Prompting Destiny: Negotiating Socialization and Growth in an LLM-Mediated Speculative Gameworld
Mandi Yang, Zhiqi Gao, Yibo Meng, Dongyijie Primo Pan
TL;DR
This work addresses how educational guidance and socialization shift across developmental stages and how to render these dynamics legible in AI-mediated play. It proposes a staged four-season socialization arc in an LLM-driven RPG with delayed end-of-stage feedback (anti-visualization) to promote reflective reasoning. An empirical study with N=12 participants uses reflexive thematic analysis to reveal how players negotiate responsibility, role positioning, and moral tension. The study offers design guidance for translating sociological socialization models into reflective AI-mediated game systems and discusses practical implications such as entry load and the use of reflective artifacts.
Abstract
We present an LLM-mediated role-playing game that supports reflection on socialization, moral responsibility, and educational role positioning.
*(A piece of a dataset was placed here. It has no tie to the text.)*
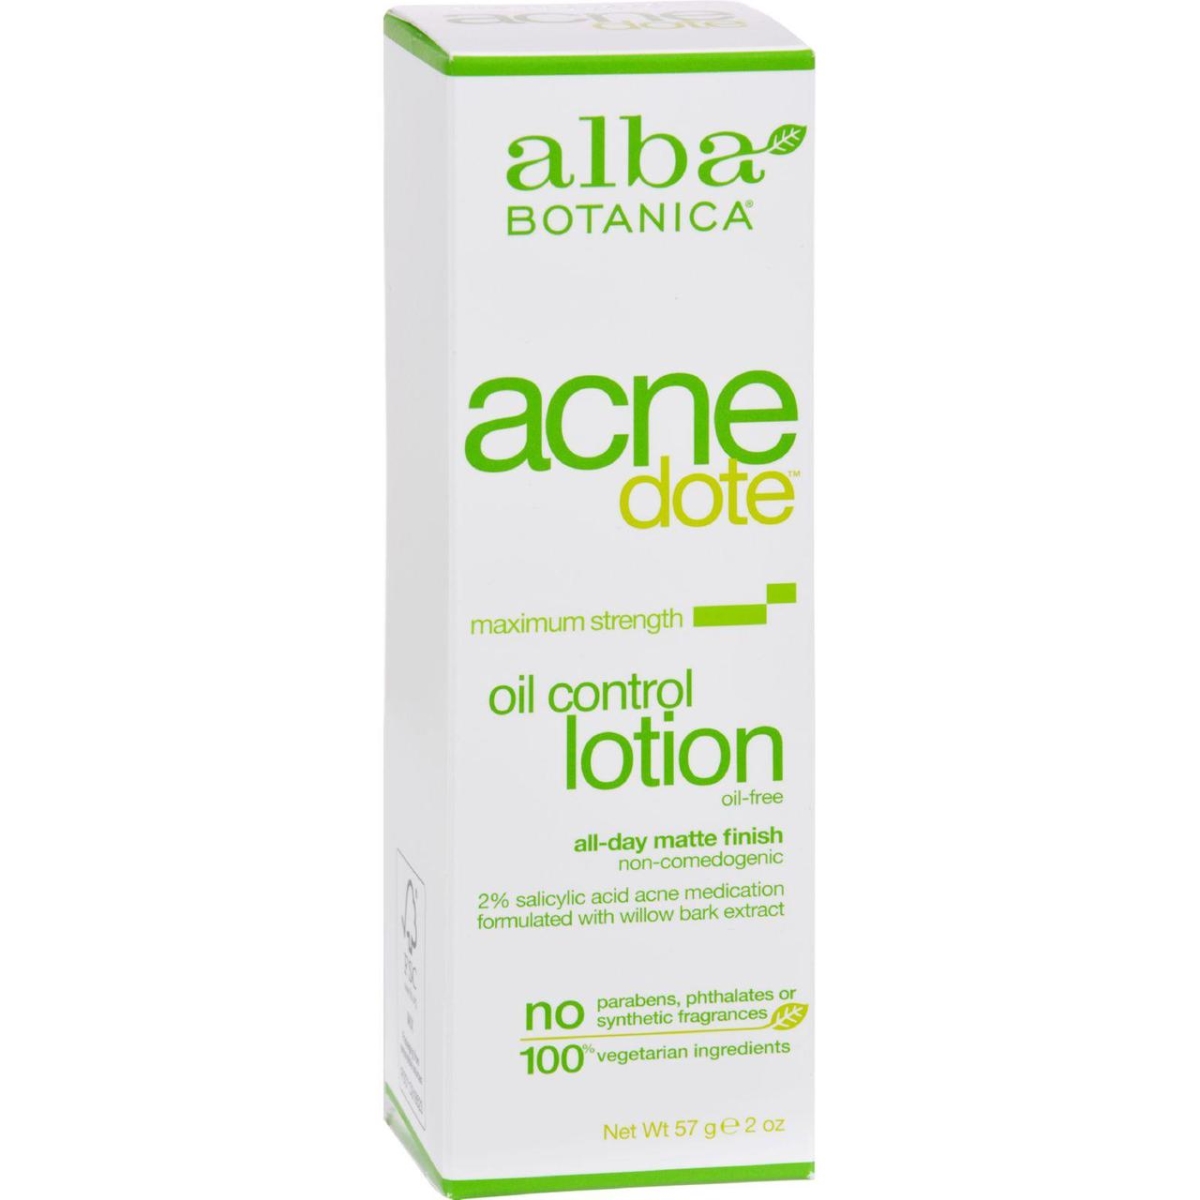 Hg0404913 2 Fl Oz Natural Acnedote Oil Control Lotion
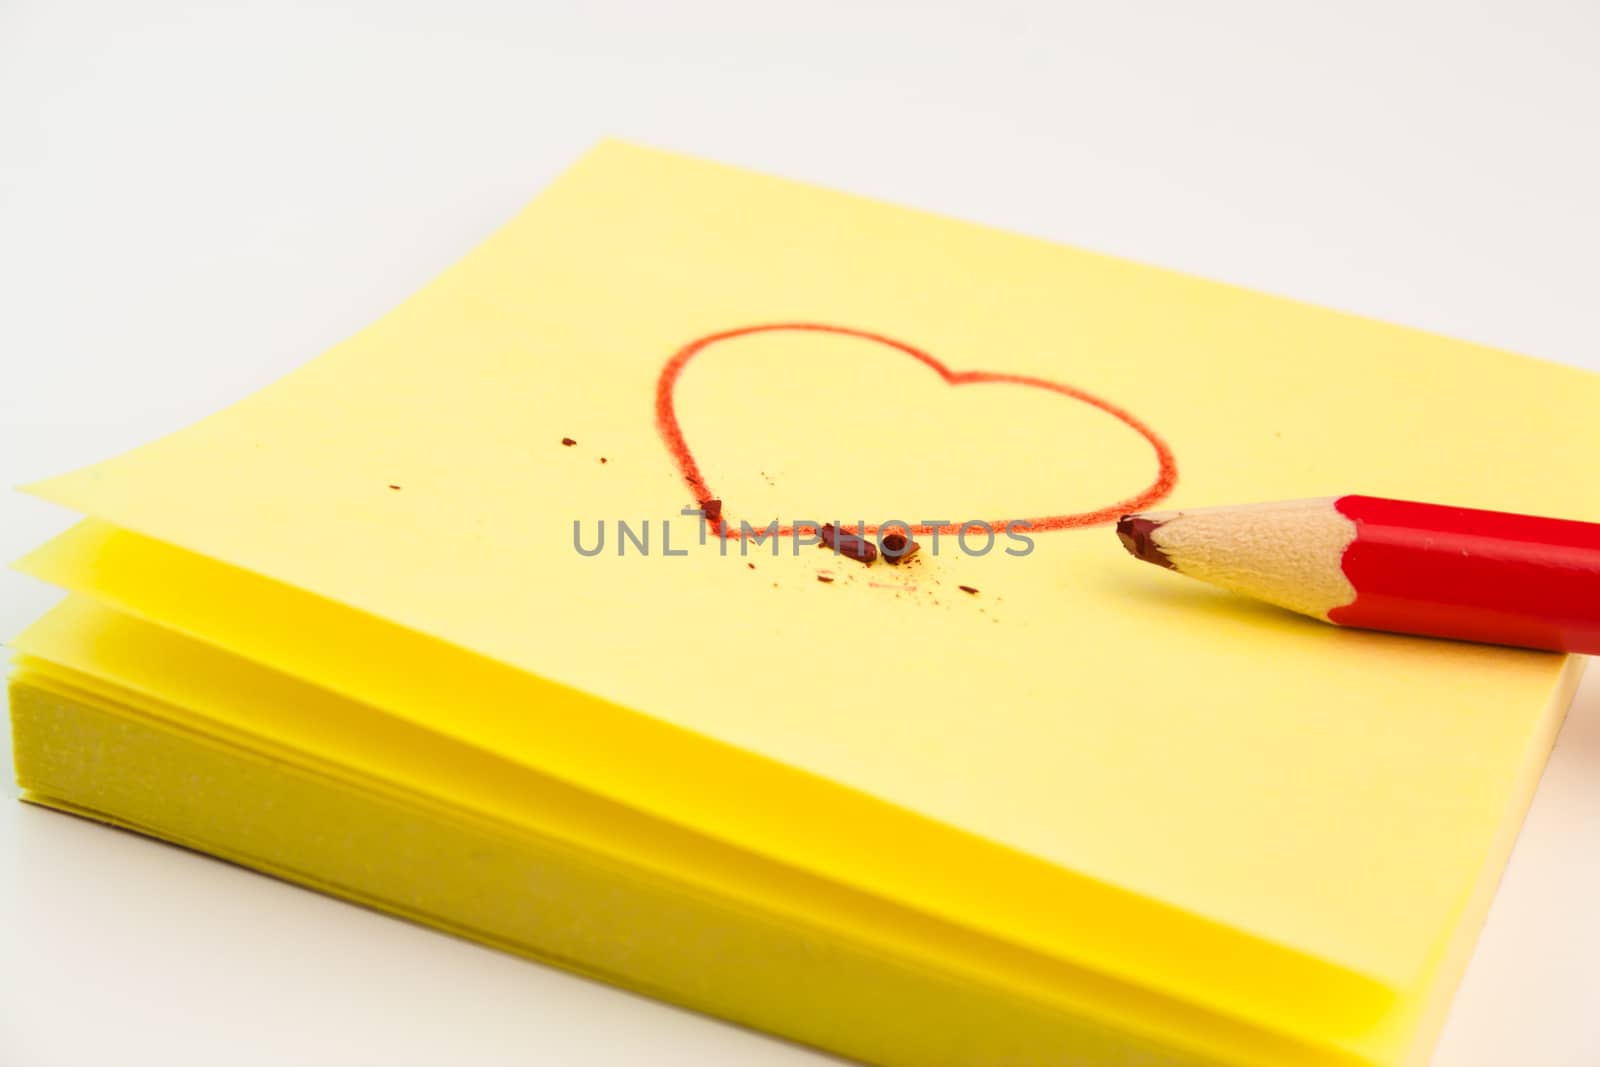 detail of a red heart drawn on a post-it with a pencil

Grounded in socialization theory, the game follows a four-season structure in which players guide a child prince through morally charged situations and compare the LLM-mediated NPC's differentiated responses across stages, helping them reason about how educational guidance shifts with socialization. To approximate real educational contexts and reduce score-chasing, the system hides real-time evaluative scores and provides delayed, end-of-stage growth feedback as reflective prompts. We conducted a user study (N=12) with gameplay logs and post-game interviews, analyzed via reflexive thematic analysis. Findings show how players negotiated responsibility and role positioning, and reveal an entry-load tension between open-ended expression and sustained engagement. We contribute design knowledge on translating sociological models of socialization into reflective AI-mediated game systems.